Data map

The Data Map window allows columns from a Data Connection, such as a database or spreadsheet, to be mapped to Variables in a Bayesian network or Dynamic Bayesian network.

Data map

Data

The Data tab corresponds to Data selected in the Data Tables window. If no Data table was selected, the tab will be disabled.

An additional tab switches between mapping Variables and defining Information Columns.

Temporal Data

The Temporal Data tab corresponds to Temporal Data selected in the Data Tables window. If no Temporal Data table was selected, the tab will be disabled.

An additional tab switches between mapping Variables and defining Information Columns.

Variable Map

Variables can be mapped to Database columns, by changing the Database Column drop down. When the window opens Variables are automatically mapped to Database columns with the same name. If there are a large number of Variables the Search Box can be used to filter the list of Variables.

To clear a mapping for a Variable, click the Clear button in the list, or to clear all mappings on the selected tab click the Clear button on the toolbar.

State Not Found

When mapping variables to data columns there is an option called State Not Found which determines the action to take when a value in the database does not match the state of a discrete variable. By default an error is raised, however when this option is set to Missing Value the value that does not match is treated as missing.

This is useful when a network is trained on one data set, and then predictions are made on another which contains values that were not present in the training data set. For example during training a variable Country might include {United States, United Kingdom}. When the network is then tested on unseen data or deployed to make predictions on live data we might encounter a new value for Country such as {Japan}. Setting the State not found option to Missing Value will treat {Japan} as a missing value.

If these previously unseen values become common in the data then it might be wise to retrain the network on the new data.

Information Columns

Information columns are database columns that provide useful information, but are not mapped to any Variables.

The Data Map window will attempt to auto detect whether an information column is discrete or continuous. This can be changed in the data map window, and persisted using the Save button. The distinction between discrete and continuous is important when charting and performing other analyses.

NOTE

The Information tab is only enabled when information columns are relevant to the current operation. For example the Information tab is enabled when loading data into Data Explorer but not for Parameter learning.

Case Id Column

A Case Id Column can be used for the following:

Case Ids are optional if:

A Case Id Column can be of any comparable type, such as an Integer, Date, Time, Double, etc...

Cross validation

Cross validation is used by certain algorithms in Bayes Server to determine the best structure of a network, such as which links to add, or the number of latent states to include.

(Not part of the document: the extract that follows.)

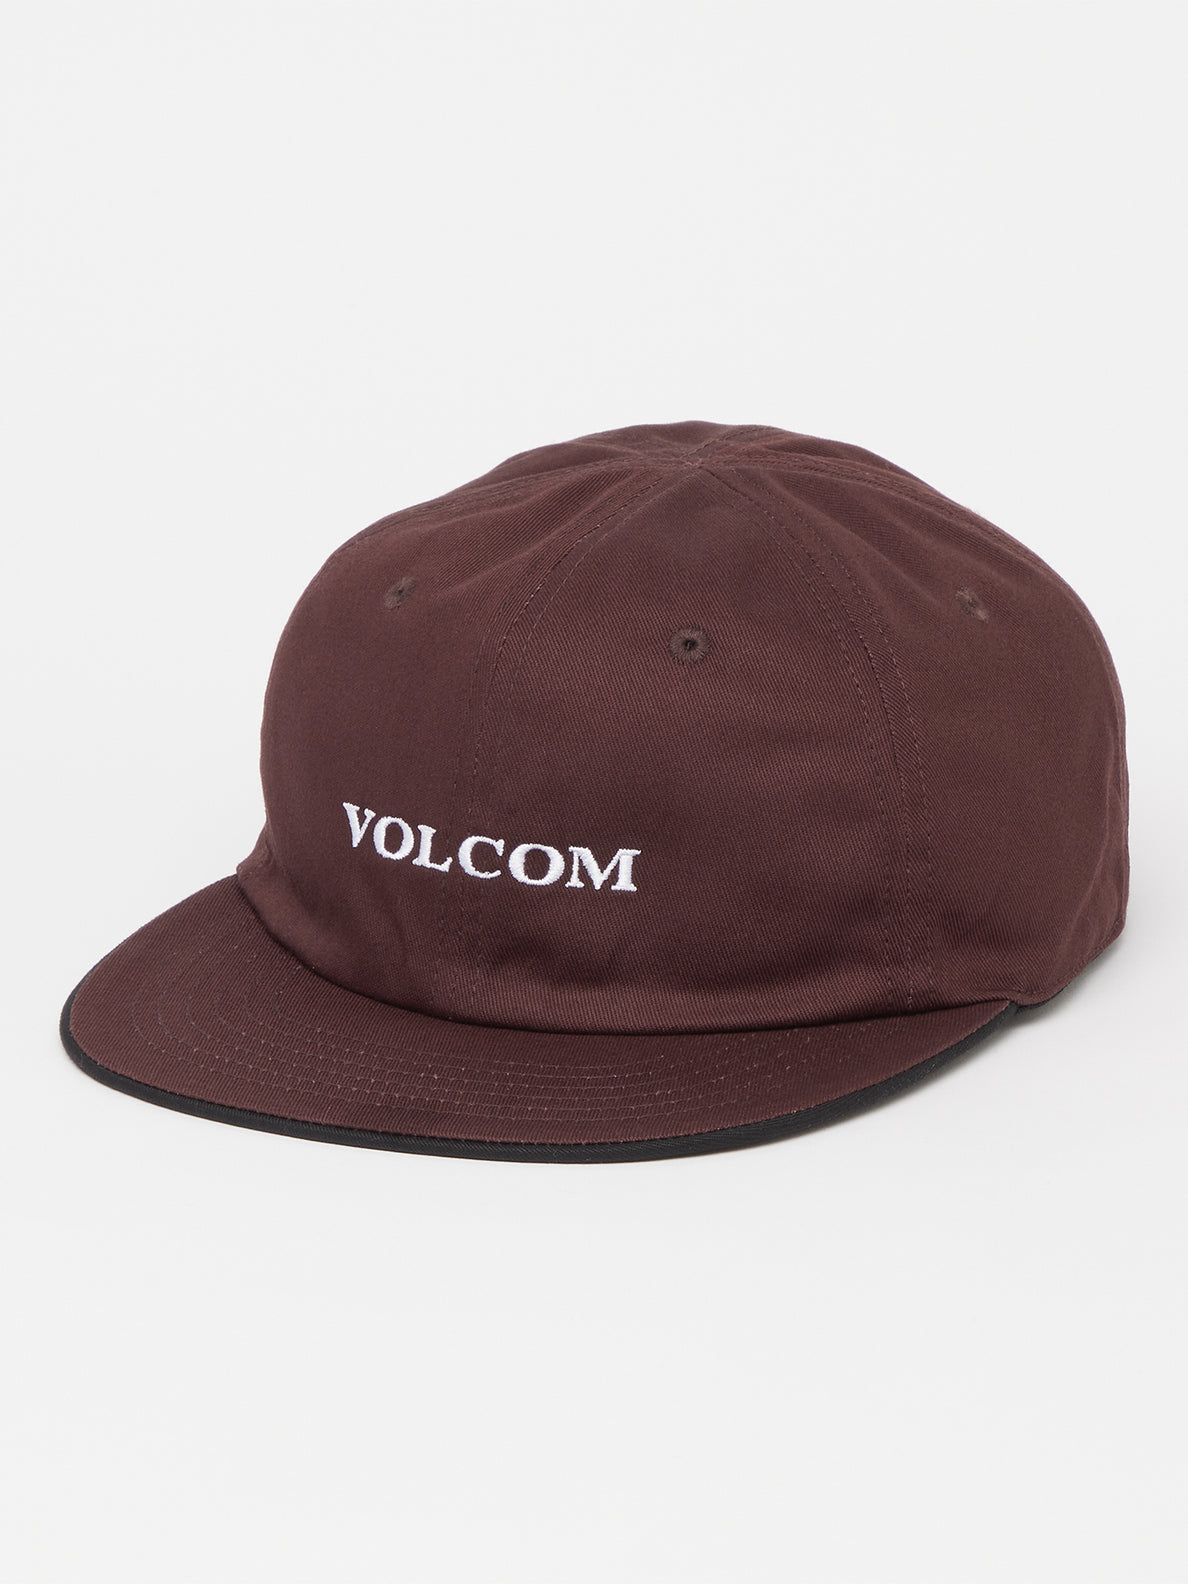 Dime Hat for Men Baseball Hat Sun for Choice Casquette Utdoor Hats

As illustrated in the image below, cross validation splits a data set D into a number of partitions. For each partition p, we build a model on (D excluding p) and test on p. Once we have done this for each partition, we have obtained test statistics across the entire data set as if that data were unseen. This provides a robust way to determine the efficacy of competing structures.

In the Bayes Server User Interface, a partition column is required to specify which partition a row falls into, whereas in the API the partitions can be specified more flexibly using code.

Cross validation

Partition Column

For algorithms that perform Cross validation a partition column is required.

NOTE

For example, some structural learning algorithms, and the Cluster count algorithm require a partition column.

Cross validation splits a dataset into a number of partitions. The partition column is used to determine which partition each record (case) belongs to.

A partition column can contain any of the following:

An example of using a unique id column is shown below.

Partition X Y
1 2.34 5.43
2 3.43 6.21
3 45.4 23.2
4 -2.4 4.7
5 -3.23 -2.1
6 12.3 14.6
... ... ...
400 8.22 2.4
401 6.21 1.4
402 4.2 12.3
403 -6.2 5.7
... ... ...

Weight Column

The Weight Column is optional, and allows a support/probability (or any positive value) to be associated with a case.

This is often used when a dataset contains large numbers of duplicate rows. Duplicate rows can be replaced with a single row and an associated weight, which is the number of times the row was duplicated in the original dataset.

A weight column need not contain whole numbers. It could, for example, contain a probability to be associated with a particular case. This might be useful when you want to give more weight to certain cases than others.

NOTE

When using a weight column, the log-likelihood for each case will be adjusted by the weight. This will be noticeable in the log-likelihood statistic output when performing a Batch query or during Parameter learning.

Time Column

The Time Column must be specified when Temporal Data is present. It defines the order of Temporal/Time Series values. There are two ways the Time Column can be specified:

Value Type

The Value Type associated with a Variable Map, defines the type of data to expect.

Saving and Loading Data Maps

A Data Map can be saved to a DataMap file, by clicking the Save button.

A saved file can subsequently be loaded by clicking the Load button, or via the Recent list tab.